Я отпрянула, обескураженная резким переходом от романтики к самой прозаичной реальности.

– Думаю, мать права, – произнесла я сдавленным голосом. – Дальнейшее знакомство нам ничего не даст. И будет лучше, если мы положим этому конец прямо сейчас.

Мне трудно было держаться с достоинством в таком неудобном положении, и я сделала попытку выпрямиться.

– Вы не спуститесь, пока я этого не захочу. – И действительно, вытянув через ветку ноги, Ричард перекрыл мне путь. – Самое время дать вам урок испанского языка, – прошептал он.

– Не имею ни малейшего желания, – ответила я.

Он рассмеялся и, обхватив мое лицо руками, порывисто поцеловал меня – это было уже нечто новое, до странности приятное, – и я на мгновение лишилась дара речи и способности действовать. Я отвернулась и принялась играть с цветущими ветками.

– Теперь можете уходить, если желаете, – сказал он.

Уходить мне вовсе не хотелось, но я была слишком горда, чтобы в этом признаться. Он спрыгнул на землю, а затем помог спуститься и мне.

– Нелегко быть храбрым на яблоне. Можете передать это вашей матери.

На его лице вновь, как в Плимуте, появилась язвительная ухмылка.

– Я ничего не буду говорить матери, – ответила я, оскорбленная такой внезапной отставкой.

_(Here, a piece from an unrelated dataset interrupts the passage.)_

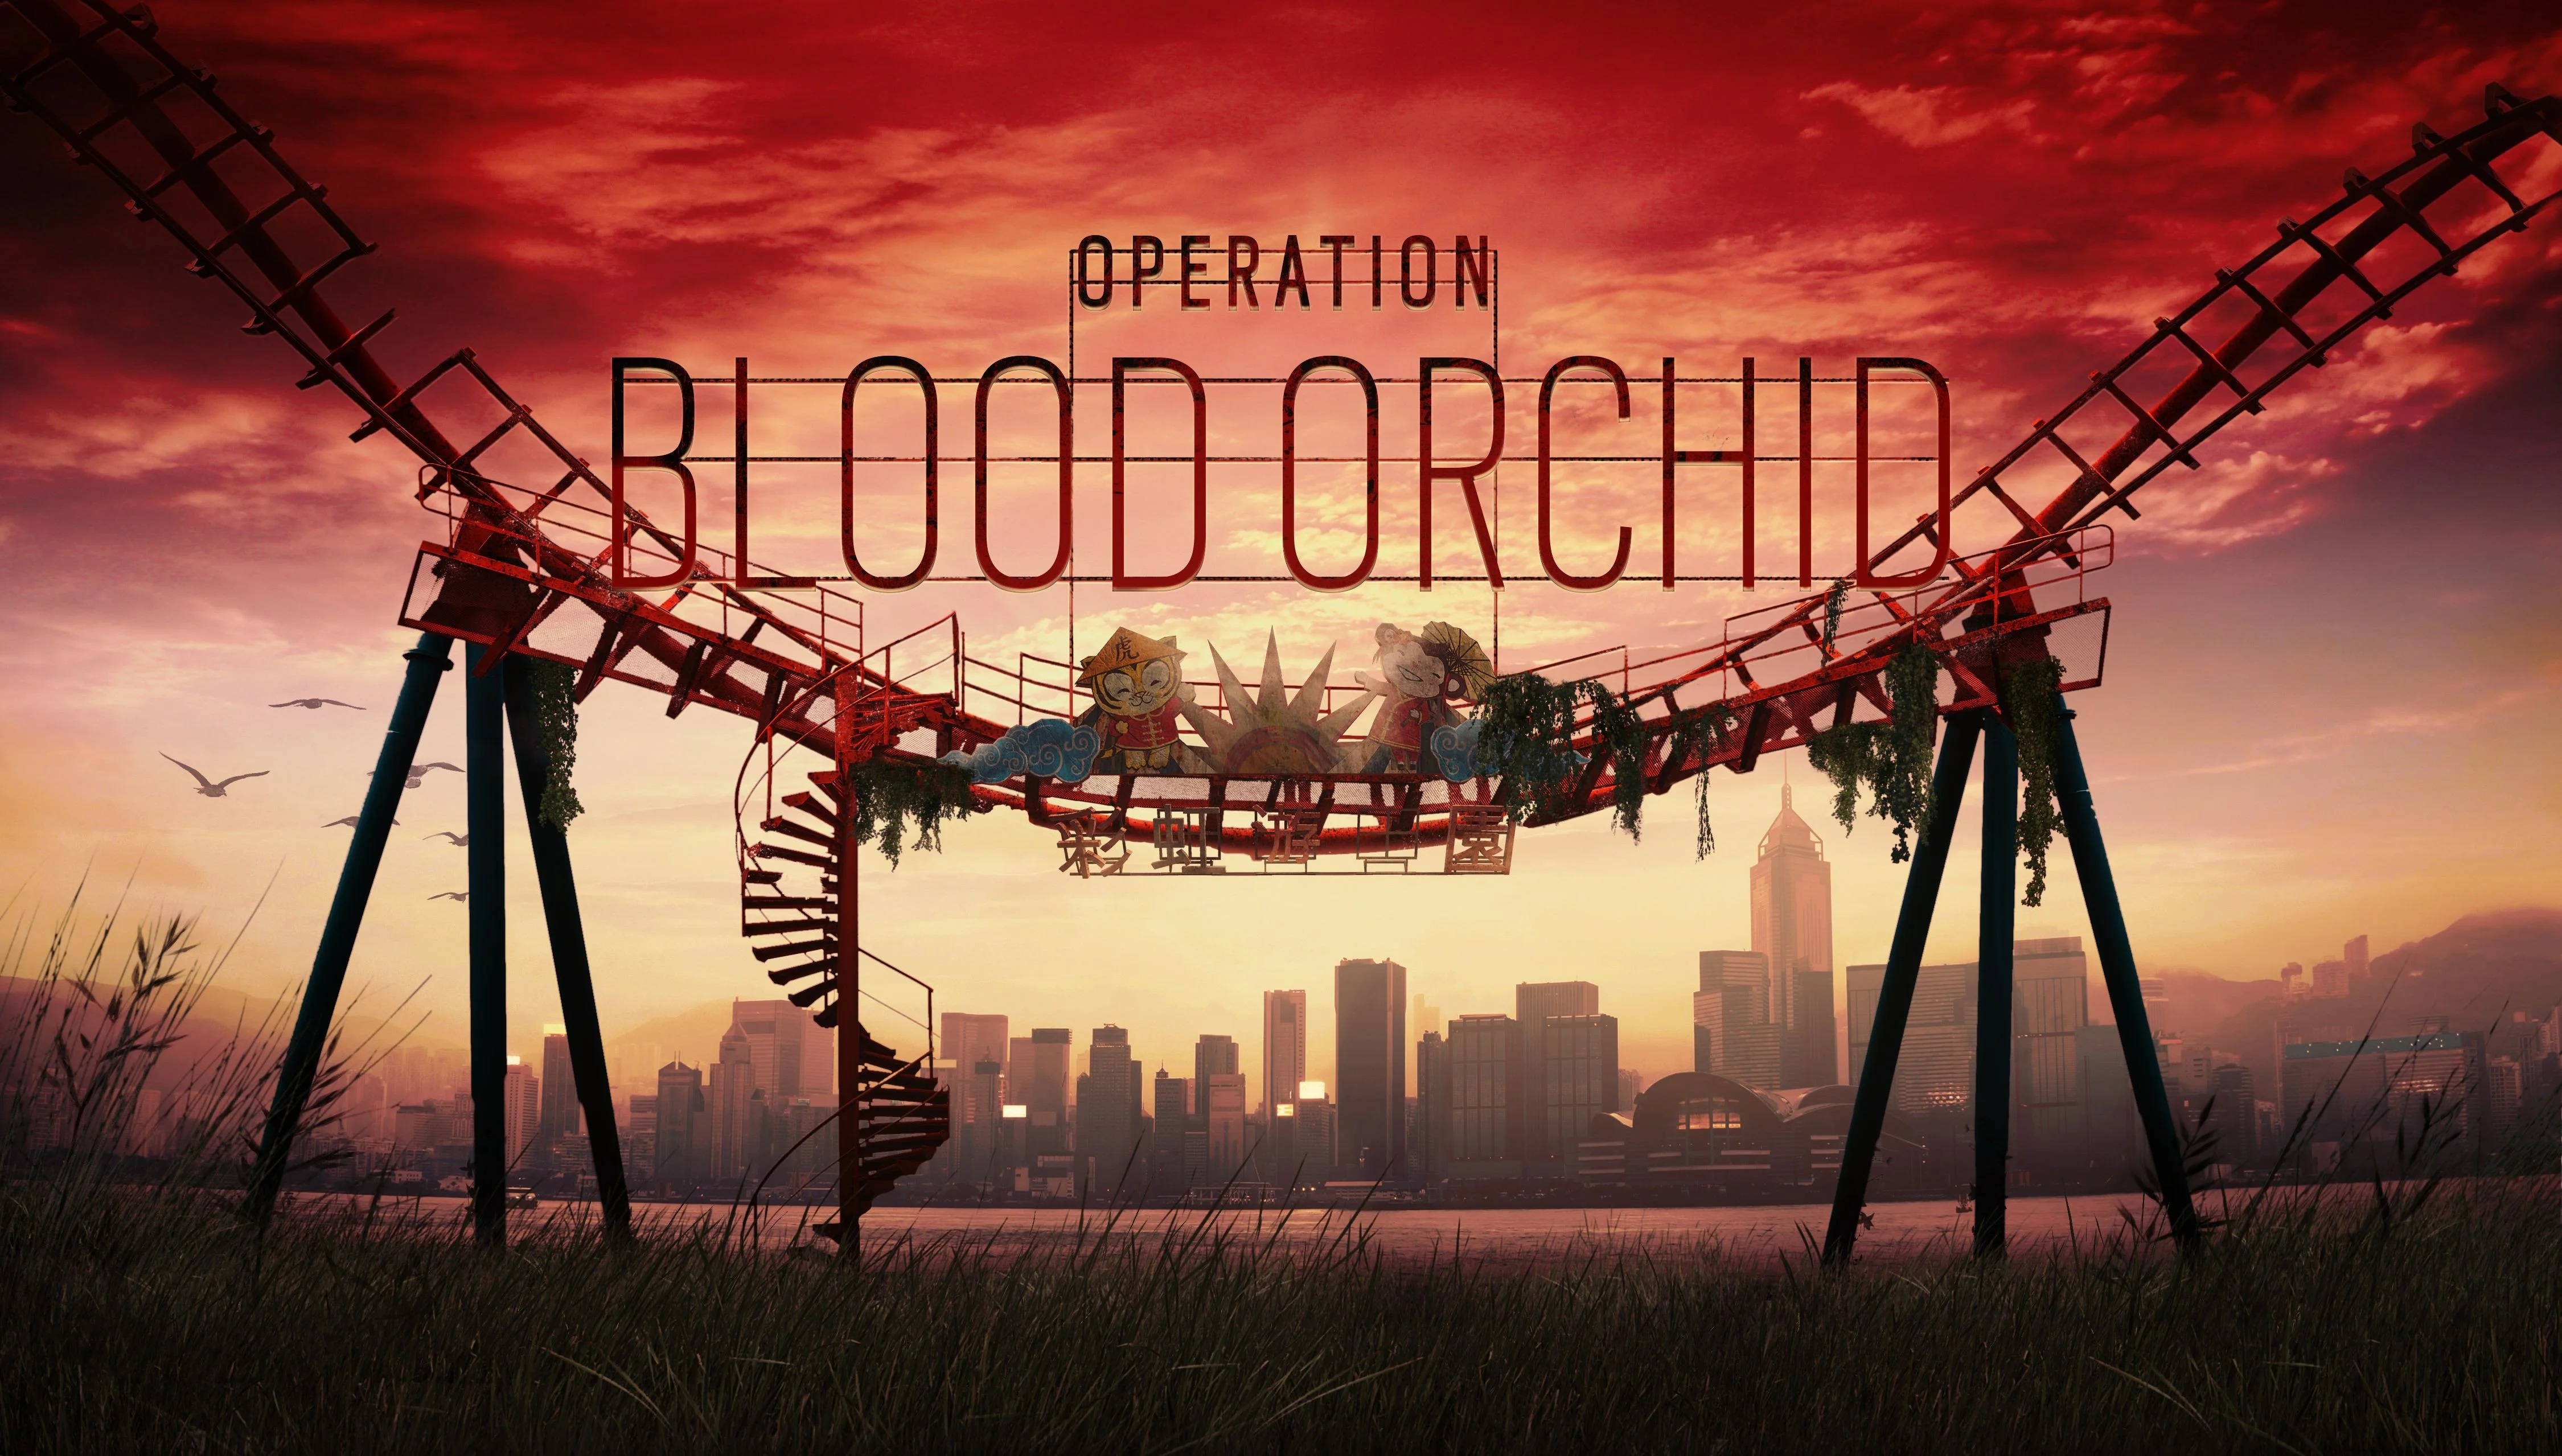 Превью Tom Clancy’s Rainbow Six: Siege — Operation Blood Orchid. Луна-парк со стрельбой - изображение обложка

Секунду он молча смотрел на меня, потом сказал:

– Если вы велите своему садовнику срезать эту ветку, в следующий раз у нас получится лучше.

– Не знаю, хочу ли я следующего раза.

– О, конечно хотите, и я тоже. К тому же моей лошади необходимы прогулки, ей нельзя застаиваться.

Он направился к ограде, где оставил коня. Я молча пошла вслед за ним среди высоких трав. Он ухватился за узду и прыгнул в седло.

– От Ланреста до Киллигарта десять миль, – произнес он. – Если я буду проезжать их дважды в неделю, Дэниел к лету наберет отличную форму. Во вторник я приеду снова. Не забудьте дать инструкции садовнику.

Он взмахнул перчаткой и пришпорил коня.

Я проводила его взглядом, думая про себя, что он почти такой же отвратительный, как и Гартред, и что я никогда больше его не увижу; однако вопреки всем моим решениям во вторник я была под яблоней.

Ну а потом начались насколько необычные, настолько и приятные ухаживания, о каких девушка моего поколения могла только мечтать. Сейчас, четверть века спустя, все это мне кажется каким-то нереальным, плохо запомнившимся сном. Один, иногда два раза в неделю он приезжал на лошади из Киллигарта в Ланрест, мы забирались на яблоню – мешавшая нам ветка была срезана, – и он давал мне уроки любви, а я слушалась его во всем. Ему было двадцать восемь, мне – восемнадцать. Казалось, что эти мартовские и апрельские вечера с жужжанием пчел над нашими головами и пением черных дроздов не имели ни начала, ни конца. О чем мы говорили между поцелуями? Не помню. Наверное, он много рассказывал о себе, ибо мысли Ричарда прежде всего были сконцентрированы на себе самом, и в памяти у меня запечатлелся образ молодого человека с огненно-рыжей шевелюрой и бунтарским нравом, созерцающего штормовые волны Атлантического океана с высоты каменистых скал северного побережья Корнуолла – такого не похожего на наше побережье с его уютными бухточками и плодородными долинами.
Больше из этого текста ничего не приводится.